Egypt’s central bank on Tuesday affirmed its inflation forecast of 13 percent in the fourth quarter of the year after the temporary effect of fiscal supply shocks dissipates.
“As the recently implemented fiscal consolidation measures were anticipated, the MPC decided in its recent meetings that existing policy rates remain appropriate to align the inflation outlook with the targeted disinflation path announced in May 2017.” the central bank said in its latest monetary policy report.
Egypt’s real GDP is expected to continue benefiting from structural reform measures, while potential fiscal consolidation measures may temporarily slowdown the recovery of private consumption, the report showed.
Net exports and investments are expected to continue complementing consumption as growth engines, it added.

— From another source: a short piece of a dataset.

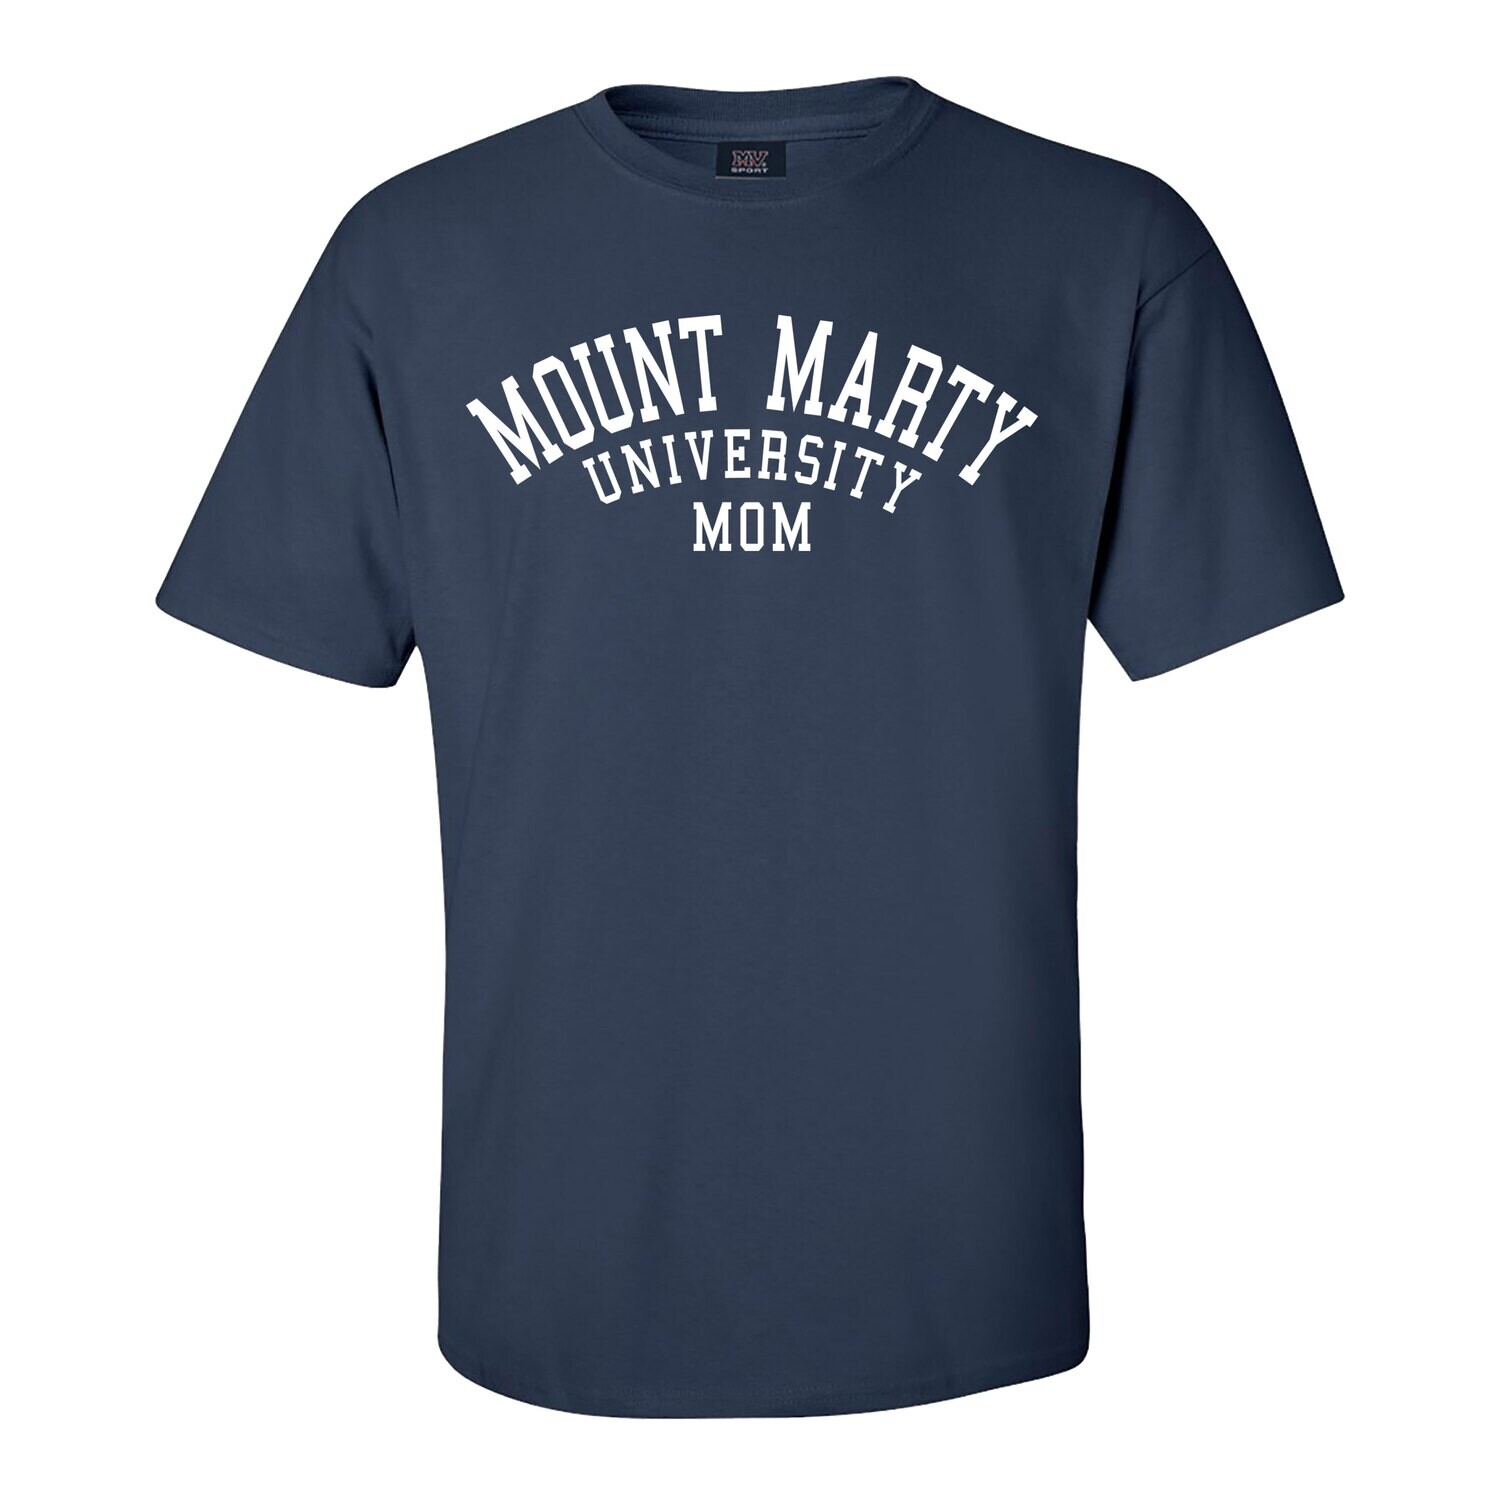 MMU Mom Tshirt
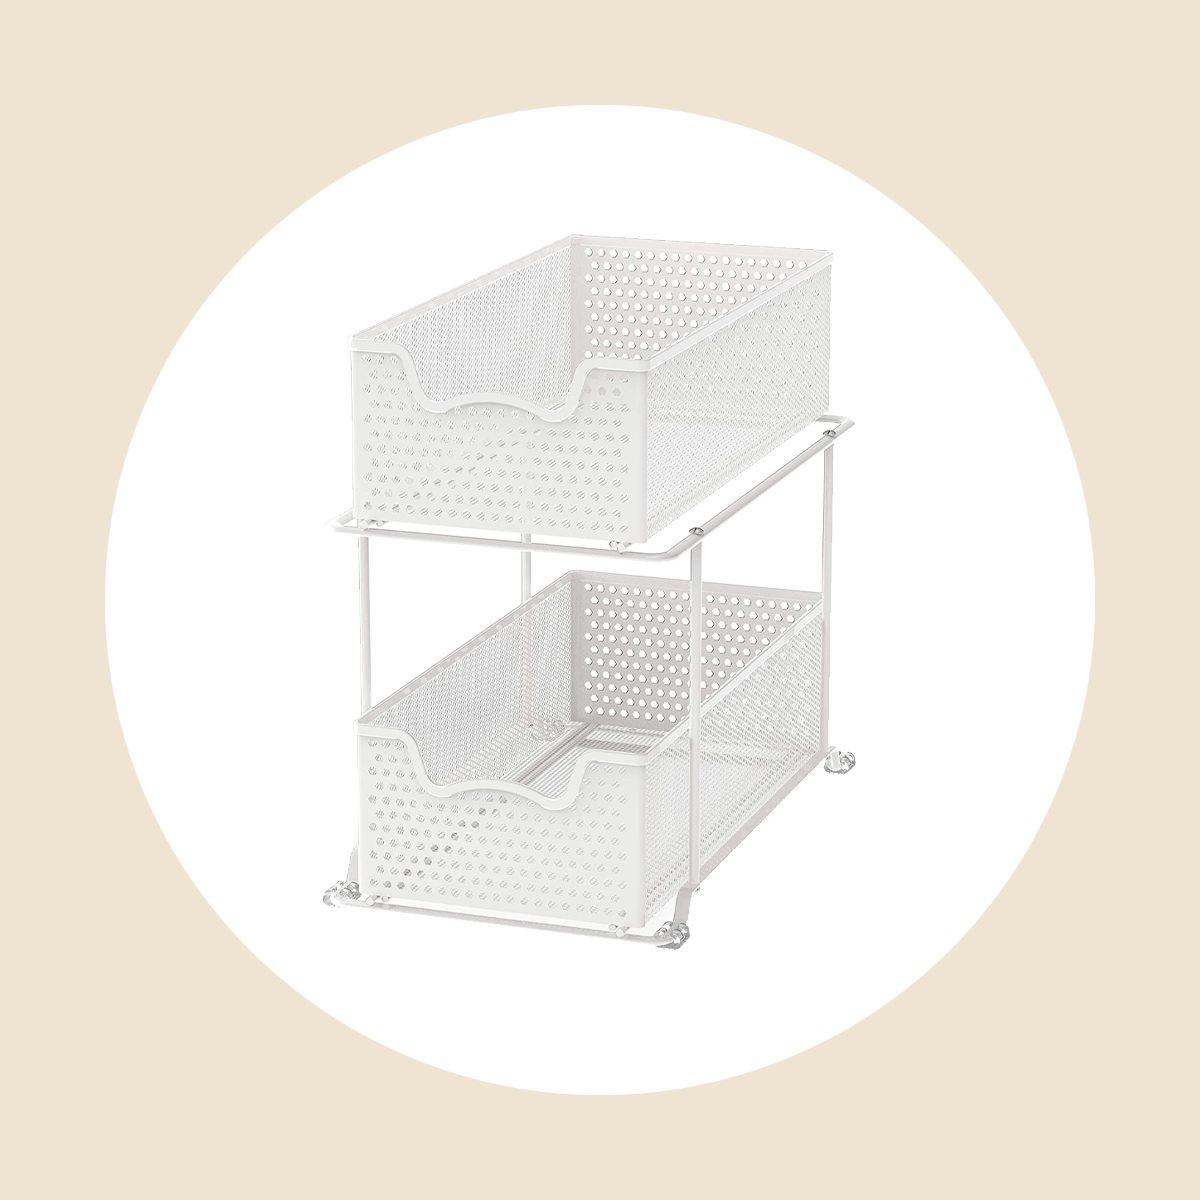 2-Tier Under Sink Storage Sliding Basket Organizer Drawer, White

The overall fiscal deficit is budgeted to decline to 8.4 percent of GDP in the financial year 2018/19, compared to an expected 9.8 percent in 2017/18 and 10.9 percent in 2016/17, and is targeted to continue declining thereafter.
“Meanwhile, the primary fiscal balance is budgeted to record a surplus of 2.0 percent of GDP in 2018/19, compared to an estimated surplus of 0.2 percent of GDP in 2017/18 and a deficit of 1.8 percent of GDP in 2016/17, with the aim of maintaining this surplus thereafter.” the report read.